Failure to maintain proper β-cell mass and deterioration of β-cell function are hallmarks of T2D. AA-derived PGs play important roles during β-cell dysfunction and insulin secretion. While all PG members are synthesized within islets, there is little to nothing known about TXA2, PGD2, and PGF in the context of pancreatic islets. As discussed in this review, PGE2 has, in general, been implicated in regulation of insulin secretion, β-cell mass, and β-cell survival during specific circumstances. To date, EP3 has primarily been shown to mediate the effects of PGE2 on β-cells and little is known about the function of the other EP receptors in islets. In contrast, PGI2, by way of the IP receptor, promotes insulin secretion in β-cell lines and protects against STZ-induced hyperglycemia in mice via maintenance of β-cell mass and plasma insulin levels. Despite this evidence, the detailed mechanisms by which PGs exert these effects remain largely unknown.

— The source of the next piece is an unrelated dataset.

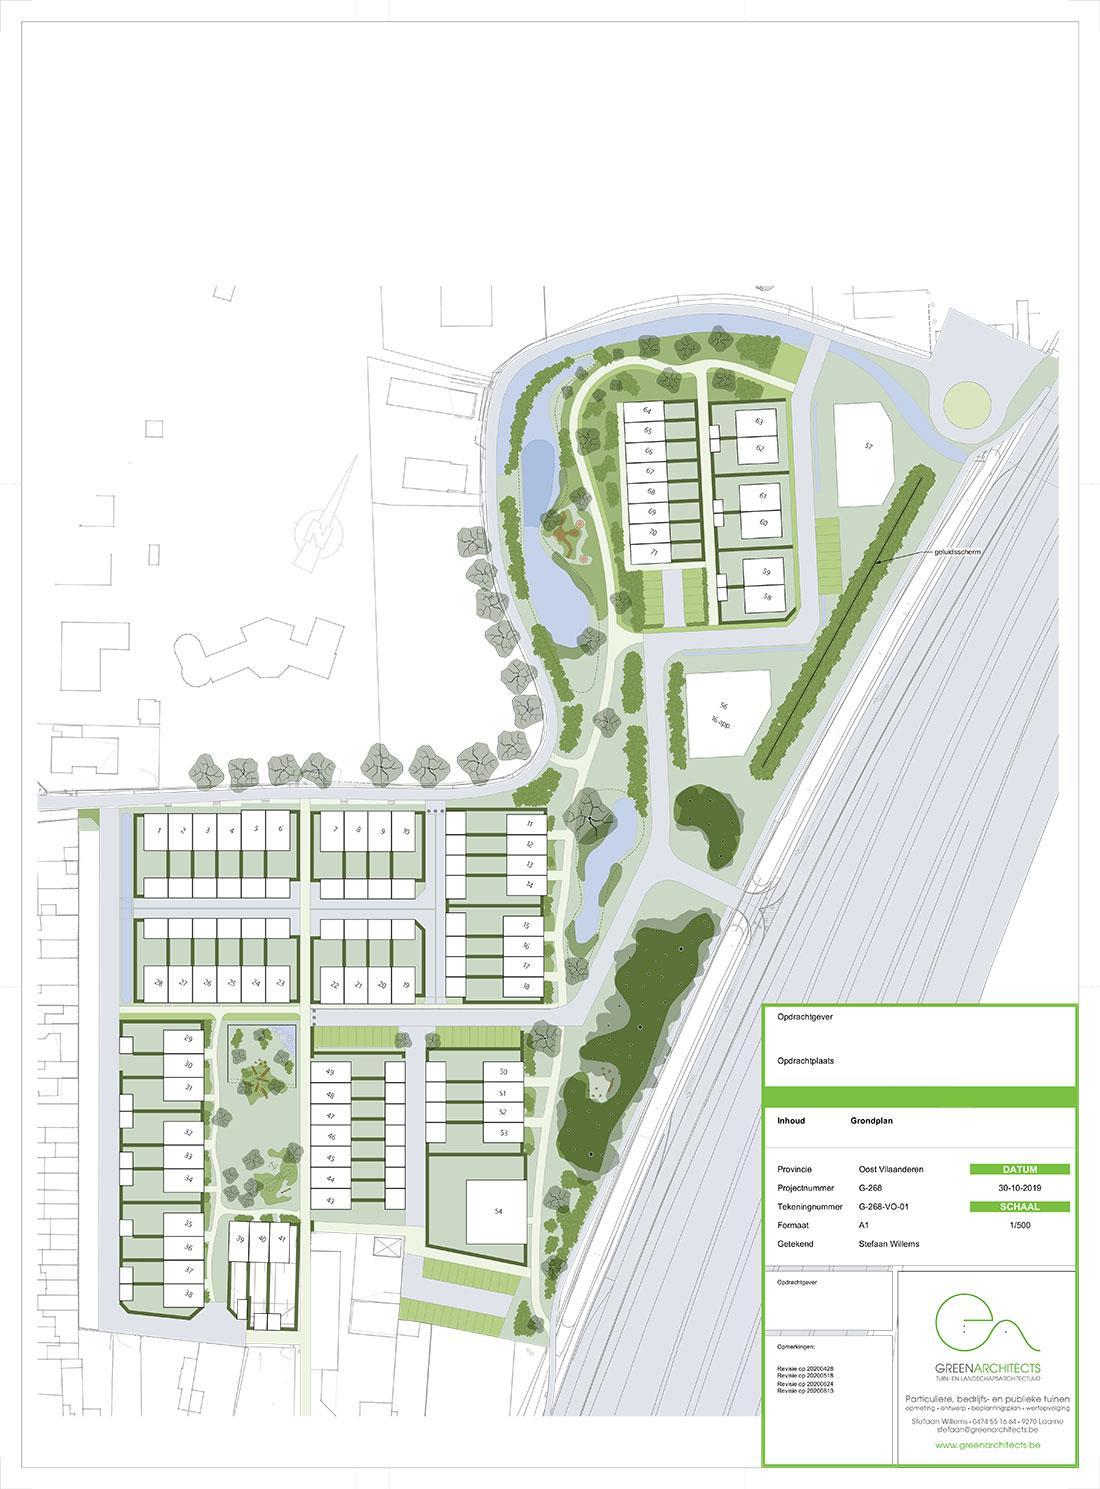 GREENARCHITECTS-TUINARCHITECT-STEFAAN-WILLEMS-omgevingsaanleg-verkaveling-menen-presentatieplan.jpg

GPCRs are therapeutic targets for approximately 50–60% of all drugs currently on the market (Lundstrom 2009), including some of the newer T2D therapeutics targeting the glucagon-like peptide 1 (GLP-1) receptor using GLP-1 agonists, such as Exenatide, Liraglutide, and Lixisenatide. The GLP-1 receptor couples to GS and enhances rodent β-cell proliferation (Kimple et al. 2014). However, not all T2D patients respond to GLP-1-based therapies (Anderson et al. 2003), suggesting that the activity of other Gi-coupled GPCRs, such as EP3, within islets may be counteracting the effects of GLP-1 signaling. Designing drugs that can inhibit negatively acting GPCRs in tandem with activation of positively acting GPCRs may provide enhanced benefit in the treatment of T2D. For example, targeting both GLP-1 and/or IP and blocking the action of EP3 could lead to not only improved GSIS but also enhanced β-cell proliferation and protection against β-cell death. Since PG receptors are not expressed solely in β-cells, it will be important to develop compounds that are targeted directly to β-cells. Caution should be taken in these efforts as chronic stimulation of insulin secretion can result in β-cell exhaustion and subsequent apoptosis, as has been described for sulfonylureas (Del Prato and Pulizzi 2006). Nonetheless, there is still a great deal to be learned before PGs and their receptors are suitable targets for T2D therapeutics.